Chestnut hard wax oil is lovely on walnut


----------



## Dodge (4 Jan 2012)

if you are using American Black Walnut try this,

prior to applying finish wipe the walnut with Behlens lemon yellow solar lux stain. if you then use danish oil it really brings out the colour of the walnut without making it yellowy!

try it on a scrap piece you will be amazed, i was the first time I did it on recommendation.

Rog


----------



## thecoder (4 Jan 2012)

Cheers guys

Dodge, is the stuff you mention widely available 

Dave


----------



## thecoder (4 Jan 2012)

condeesteso":1ovx3rw9 said:


> Hi Dave - not spent time with waknut (very sorry, my humour gets me into trouble often  ). it's a beautiful wood, very fine grain and gets away with minimal finishing (esp. on a box, which will not suffer heavy handling.) personally I'd go for a light natural oil - applied very thin and left a while, then buffed up. Not widely accepted but natural oils are actually finishes, being capable of hardening off and taking a soft sheen - ideal I feel for walnut, will allow the grain and depth to really show. Whatever you go for please avoid glossy synthetics... your walnut deserves better then that.
> 
> (edit) sorry, missed the sanding bit - this is very personal taste but I try to avoid sanding at all. If you can get the surface you want off the blade, skip sanding. If you have to sand, then brush all the dust out after - sanding makes things feel smooth, but mainly cos they are clogged with dust, which truly challenges any later finishing as the dust turns grey. For final finish consider a well-tuned cabinet scraper?
> 
> [have a funny feeling I'll be in trouble over this 'advice'... we'll see]



Hi Douglas,

Yep Waknut is very similar to walnut


----------



## thecoder (4 Jan 2012)

Dodge":ao1spkx5 said:


> if you are using American Black Walnut try this,
> 
> prior to applying finish wipe the walnut with Behlens lemon yellow solar lux stain. if you then use danish oil it really brings out the colour of the walnut without making it yellowy!
> 
> ...



Roger im not sure if its AW or nut all I know is its walnut #-o


----------



## Dodge (4 Jan 2012)

thecoder":hibdz5ev said:


> Cheers guys
> 
> Dodge, is the stuff you mention widely available
> 
> Dave



You can get it direct from Behlens

http://www.behlen.co.uk/Merchant2/merch ... Code=DYEST

A small bottle goes an awful long way as you are only lightly wiping it on - it dries in about an hour and I think you can use pretty much any finish over the top - when you first apply the walnut appears to go orangey in colour but then when it is dry and you apply lacquer or oil the depth of the walnut colour is really enhanced.

Rog


----------



## thecoder (4 Jan 2012)

Dodge":3neql9fa said:


> thecoder":3neql9fa said:
> 
> 
> > Cheers guys
> ...


Cheers Roger, I have set pieces of maple keys into the mitres, would the stain have a negative effect or just enhance it.


----------



## Dodge (4 Jan 2012)

To be honest havnt tried on any other woods - if you pm me your full name and address I will put a small amount in a jar and send it to you so you can give it a try on an offcut if you like.

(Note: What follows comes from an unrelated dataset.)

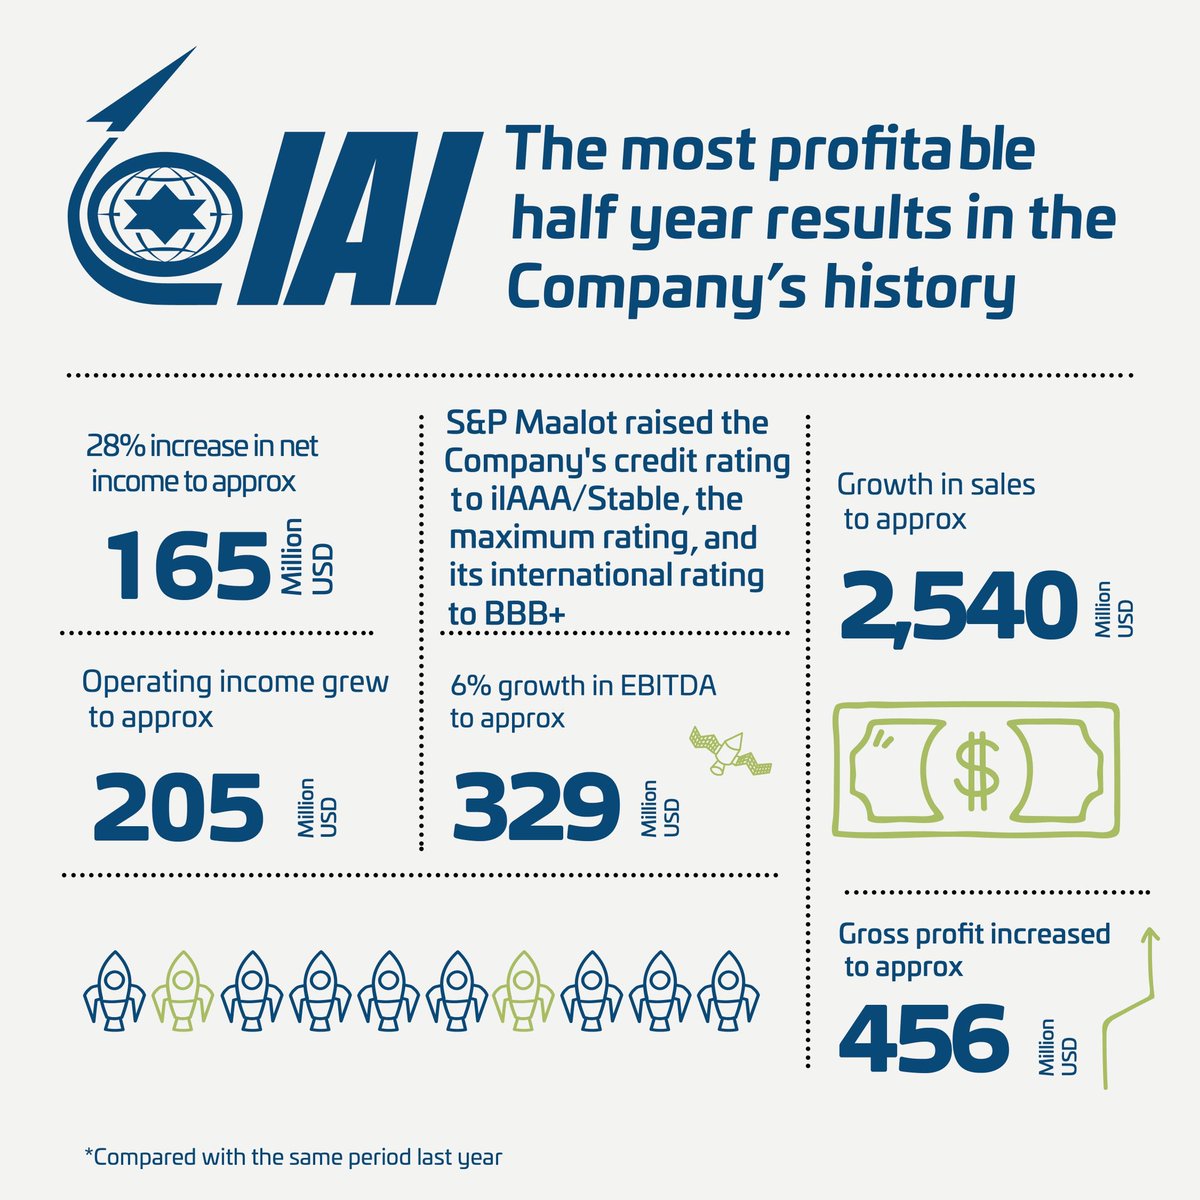 As each quarter or half year comes to an end, IAI manages to break its own records, presenting excellent business results that are a source of pride for us all. These achievements are the result of the technologies and innovation led by the Company’s engineers.   Check it out:

I've got to go to the post office tomorrow anyway

Rog


----------



## thecoder (4 Jan 2012)

Dodge":39q7bxum said:


> To be honest havnt tried on any other woods - if you pm me your full name and address I will put a small amount in a jar and send it to you so you can give it a try on an offcut if you like.
> 
> I've got to go to the post office tomorrow anyway
> 
> Rog


Very kind of you Roger. Pm on way.


----------



## andersonec (6 Jan 2012)

Sand to a minimum of 240 grit (higher if poss) and Whatever oil you use finish with a coat of wax when the oil is dry.

Andy.


----------